In the simplest version of PDQ's scheme, there was one such instruction for each worker, which was performed repeatedly. There was also a restriction that no two workers would take things from the same basket, and that no two workers would put things into the same basket. Certain workers had the job of taking things from PDQ and placing them in the appropriate baskets, while others had the job of taking things from certain baskets and giving them to PDQ. In modern terms we would think of these workers as providing the inputs to and outputs from the system.

A typical run of the APE would proceed as follows. First, a list of instructions was made up; then a big enough room, with sufficient desks and baskets was found, and the instructions were handed out to the workers. PDQ then gave the `input' workers some data, and sat back and waited for the results from the `output' workers; upon receiving this, everyone was sent home.

Alas, the concept of testing, not to mention "alpha" and "beta" releases, had not yet been developed, and PDQ's first major program, intended to calculate potato futures, contained some serious bugs; also, some of his workers were not entirely reliable. During a demonstration for the Royal Academy some of the workers, faced with empty baskets, fell asleep; others became restless and began writing whatever they pleased and placing the results in random baskets; a few pelted their fellows with spit-wads made from the paper slips. PDQ's sponsors were unimpressed by his attempt at office automation, and he disappeared into historical obscurity, grinding gears for his more famous brother.

The Project

PDQ was actually onto something, and his reputation is sorely in need of rehabilitation. To help with this, and to pass the class, you are to write a program "wp" (for worker process) that acts as one of PDQ's workers, communicating via queues that implement the baskets. With a bit of care, your worker processes will be more reliable that PDQ's, and will never pelt their fellows with unexpected surprises.
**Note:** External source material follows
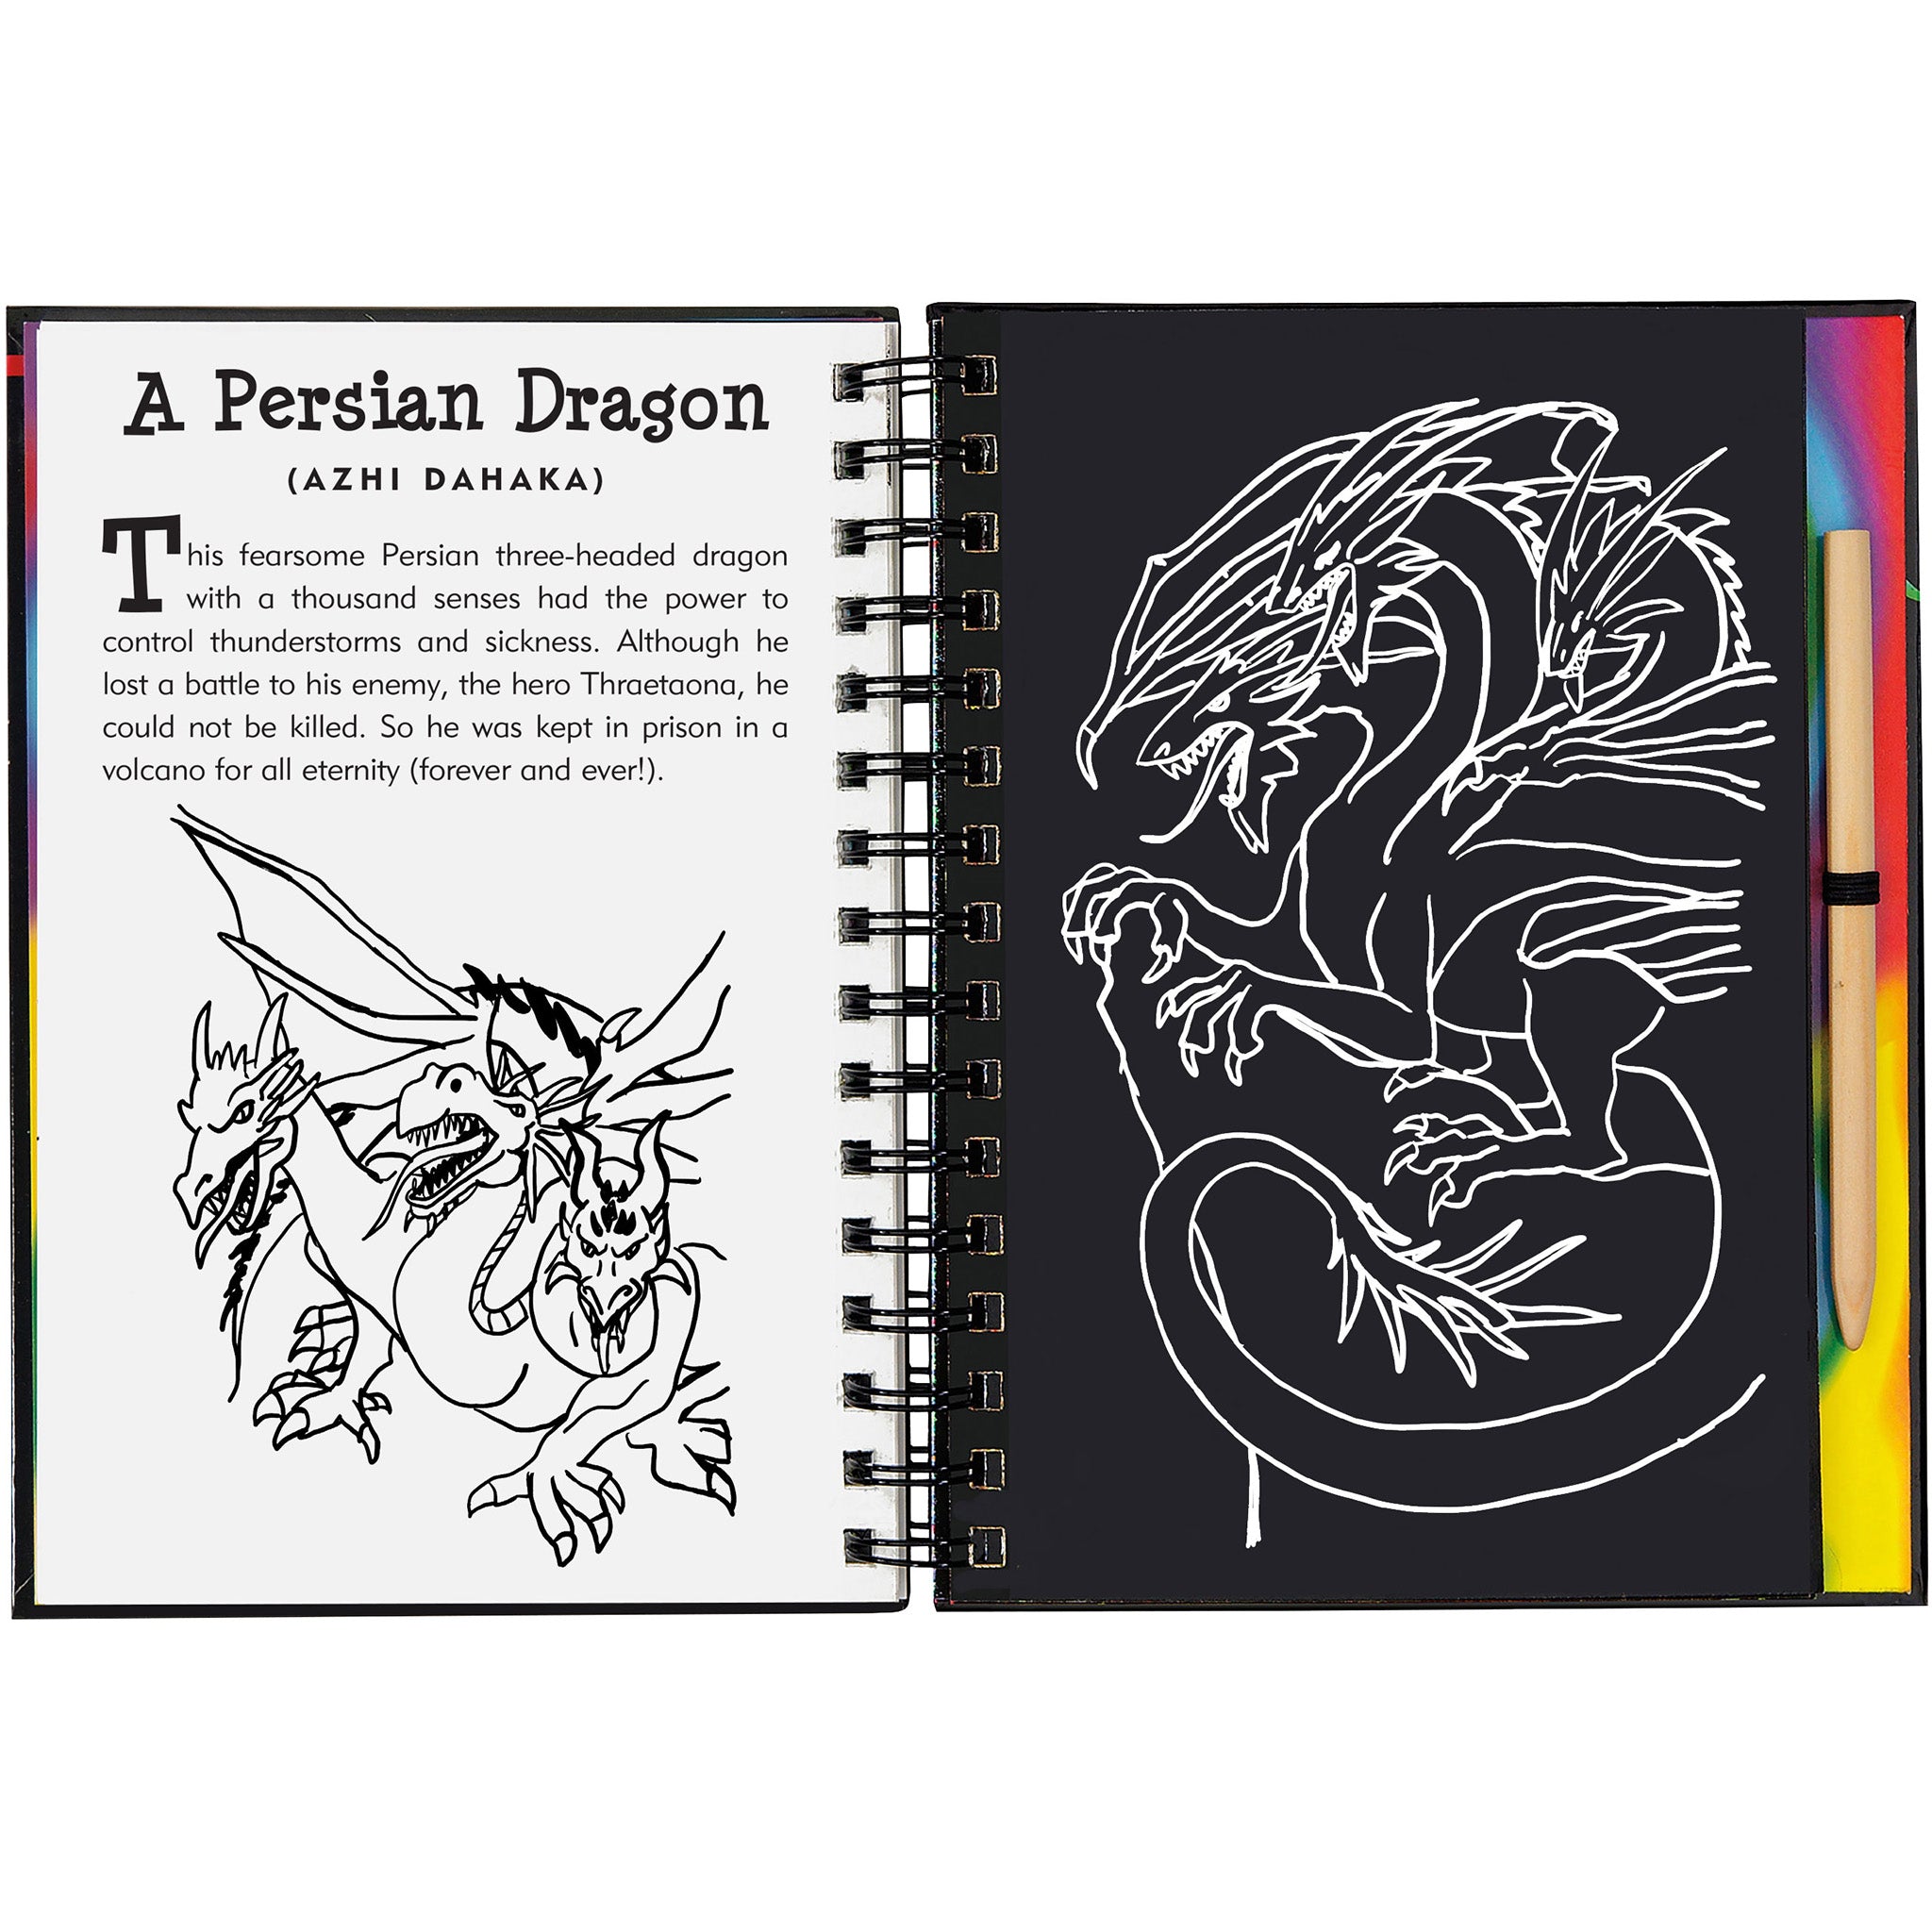 mythical creatures sketches of dragons

The baskets, or queues, are implemented with shared memory and semaphores, and are discussed below. To test your workers and to get the computation started, a special program "pdq" is provided. This program writes to queues 1, 2, and 3, the input baskets, and reads from queue 0, the output basket.
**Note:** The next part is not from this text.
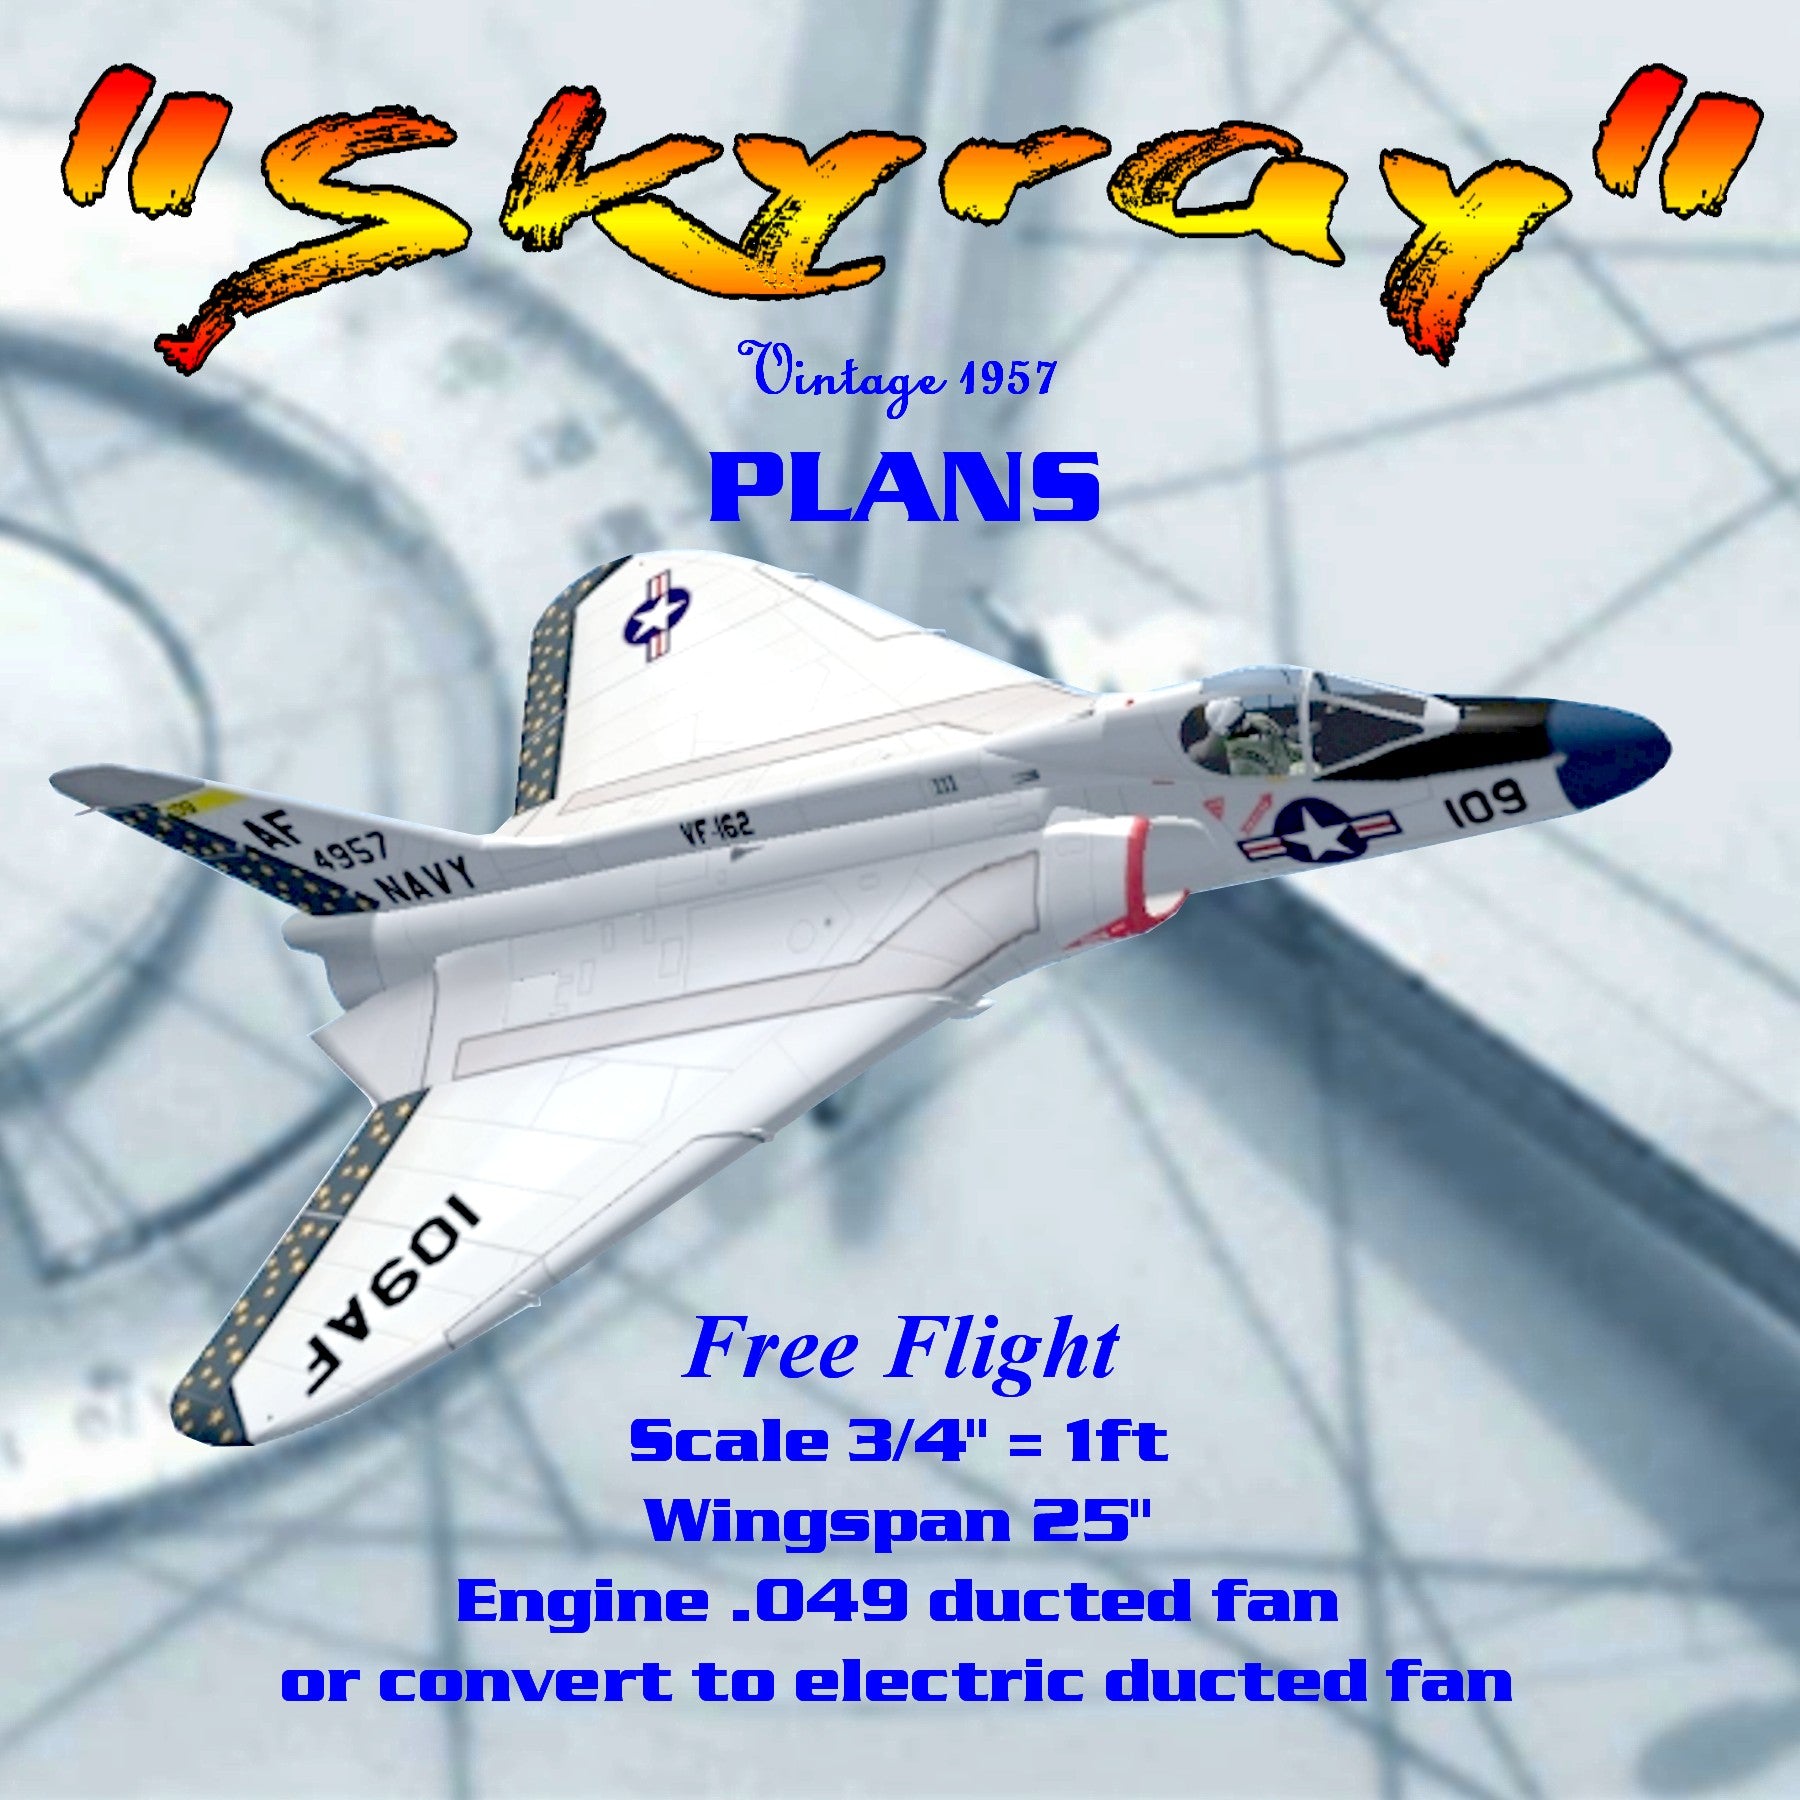 full size printed plan scale 3/4" = 1ft reproduced berkeley skyray  .049 or electric ducted fan

Your worker program should be able to add, subtract, multiply, and divide the values from two queues, and write the results to a third queue. In addition, the worker program should be able to copy an input to two outputs, and merge two inputs into one output. Worker programs are given commands in PDQ's language, with one command per worker. A typical worker invocation would be

                     wp b5 = b4 + b7 .
Given this command, your worker program "wp" should parse the string "b5 = b4 + b7", read values from queues 4 and 7, add the values, and place the result in queue 5, repeatedly. The full set of commands that your program "wp" should be able to parse and perform are

                        bi = bj + bk
                        bi = bj - bk
                        bi = bj * bk
                        bi = bj / bk
                        bi = bj = bk
                        bi = bj M bk
where i, j, and k are queue numbers, in the range 0 to NBUFS-1. You can assume that all input is well-formed, and each of the tokens {+, -, *, /, =, M} are separated by one or more spaces. Tokens appear as `argv' strings, making parsing the input very easy.

The command bi = bj = bk is a `copy' command, and has the effect of taking a value from queue bk and copying it to queues bi and bj.

The command bi = bj M bk is a `merge' command, and works slightly differently from the others. For the merge, the worker simply takes a value from either of the specified input queues, whenever a value is present, and places it in the specified output queue. More precisely, if bj has a value and bk is empty, then merge moves the value from bj to bi. If bk has a value and bj is empty, then merge moves the value from bk to bi. If both bj and bk are non-empty, then merge moves one of the two values (you can choose which) to bi. Your merge should be `fair', in that if there are values in both queues bj and bk, then neither will be bypassed more than once.

Your wp program should continue to run, either performing its specified command or waiting for input, until a special END value is received. (END is defined in pdq.h.) When an END is received on either input of an arithmetic command {+, -, *, /}, the process first sends an END to its output queue, and then terminates.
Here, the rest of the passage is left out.